Мистер Шимерда совсем пал духом, потеряв друзей. Уходя на охоту, он часто наведывался в пустой бревенчатый дом русских и подолгу сидел там, погруженный в свои мысли. Этот дом служил ему прибежищем, пока морозы не заперли всех Шимердов в землянке. Мы же с Антонией забыть не могли про ту свадьбу. Тайну Павла мы не открыли никому, мы ревностно оберегали ее, как будто все события той далекой украинской ночи - и нападение волков, и принесенная им в жертву свадьба - случились только для того, чтобы у нас сладко замирало сердце от ужаса, когда мы об этом толковали. По вечерам, перед тем как заснуть, я часто представлял себе, что лечу в санях, запряженных тройкой лошадей, по неизвестному краю, похожему то ли на Небраску, то ли на Виргинию.
9
Первый снег выпал в начале декабря. Помню, какой вид открылся мне в то утро из окна нашей гостиной, когда я одевался за печкой: небо нависло, словно лист свинца, светлые кукурузные поля выцвели настолько, что стали совсем призрачными, маленький пруд под замерзшими ивами затянуло льдом. А надо всем кружились большие белые хлопья и, упав, исчезали в красной траве.
За прудом, на склоне, ведущем к кукурузному полю, виднелся едва заметный в траве большой круг - по нему когда-то скакали на лошадях индейцы.

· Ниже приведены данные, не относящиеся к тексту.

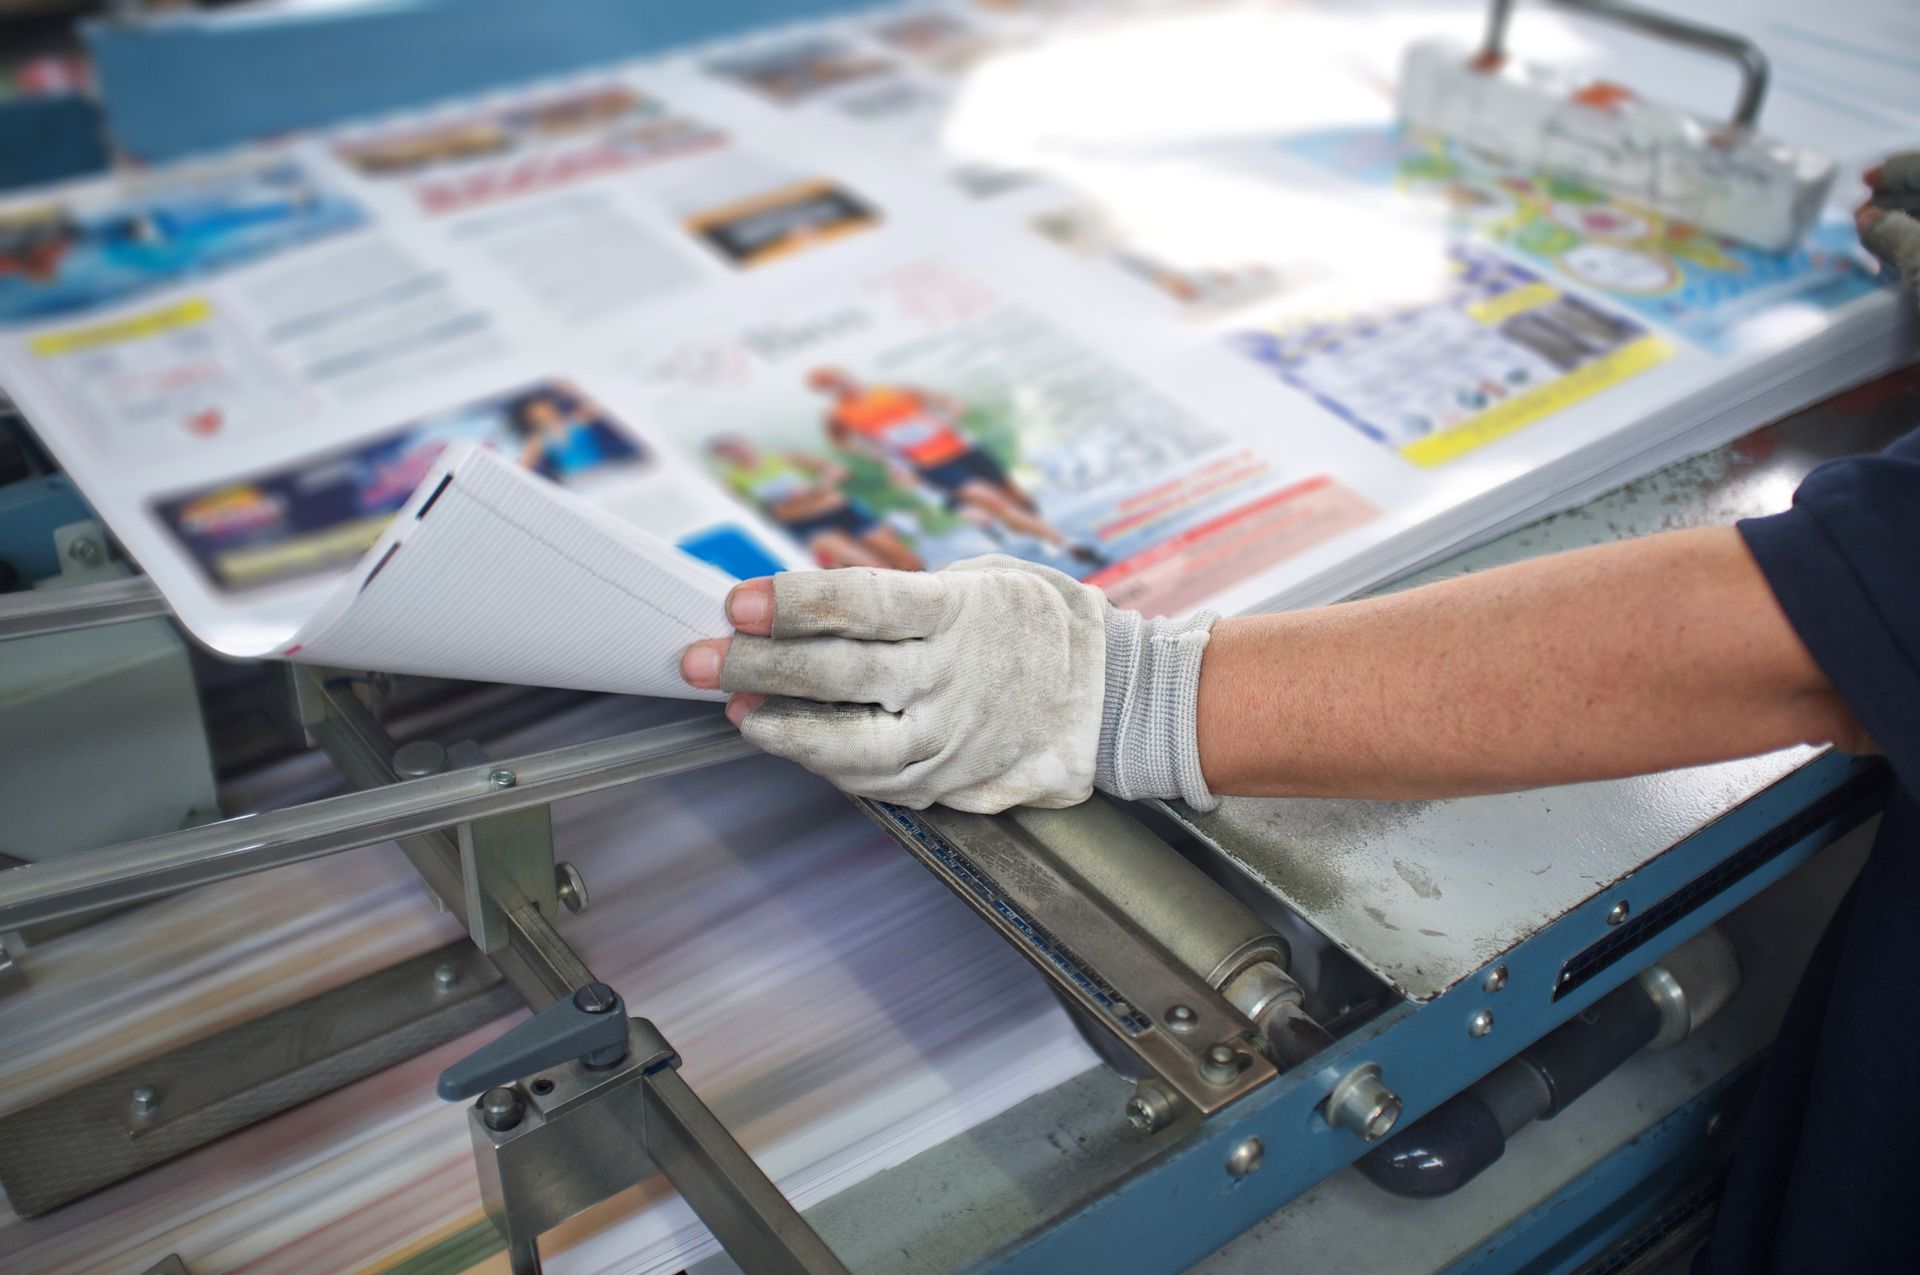 Foothill Ranch Commercial Printing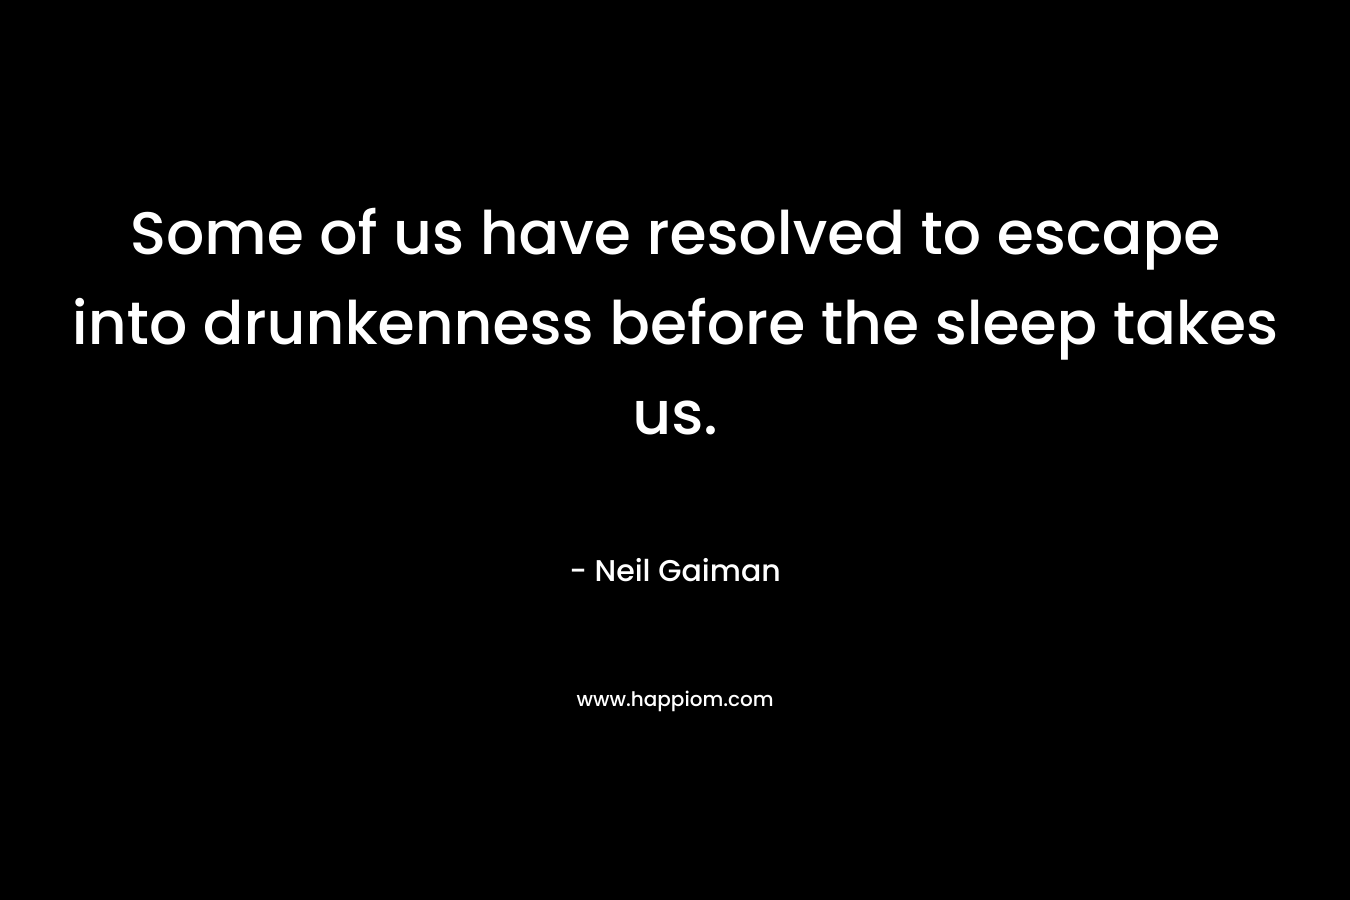 Some of us have resolved to escape into drunkenness before the sleep takes us.

Джейк и Отто уверяли, что в центре круга индейцы привязывали к столбу пленных и пытали их, но дедушка считал, что индейцы устраивали на кругу скачки или просто объезжали лошадей. Под вечер, если смотреть на склон против солнца, круг всегда проступал в траве, а в то утро, припорошенный первым легким снегом, он вырисовывался удивительно четко словно мазки китайских белил на холсте. Ни разу прежде этот след прошлого не волновал меня так сильно, и я решил, что он предвещает хорошую зиму.
Как только снег слежался, я начал разъезжать по округе в неуклюжих санях, которые Отто Фукс смастерил мне, приладив полозья к большому ящику. У себя на родине Фукс учился у краснодеревщика и ловко управлялся с инструментами. Если б я не торопил его, сани получились бы еще лучше. В первый раз я поехал за почтой, а на другой день - к Шимердам, покатать в санях Антонию с Юлькой.
Стоял яркий морозный день. Я постелил в ящик солому, прикрыл ее бизоньей шкурой и закутал в старые одеяла два горячих кирпича. Добравшись до жилища Шимердов, я не пошел к землянке, а, сидя в санках внизу, в лощине, стал громко звать девочек. Антония и Юлька выбежали в маленьких кроличьих шапках, сшитых отцом. Они уже слышали от Амброша о моих санях и поняли, зачем я приехал. Обе плюхнулись рядом со мной, и мы помчались вперед, на север, по дороге, которая как раз оказалась расчищенной.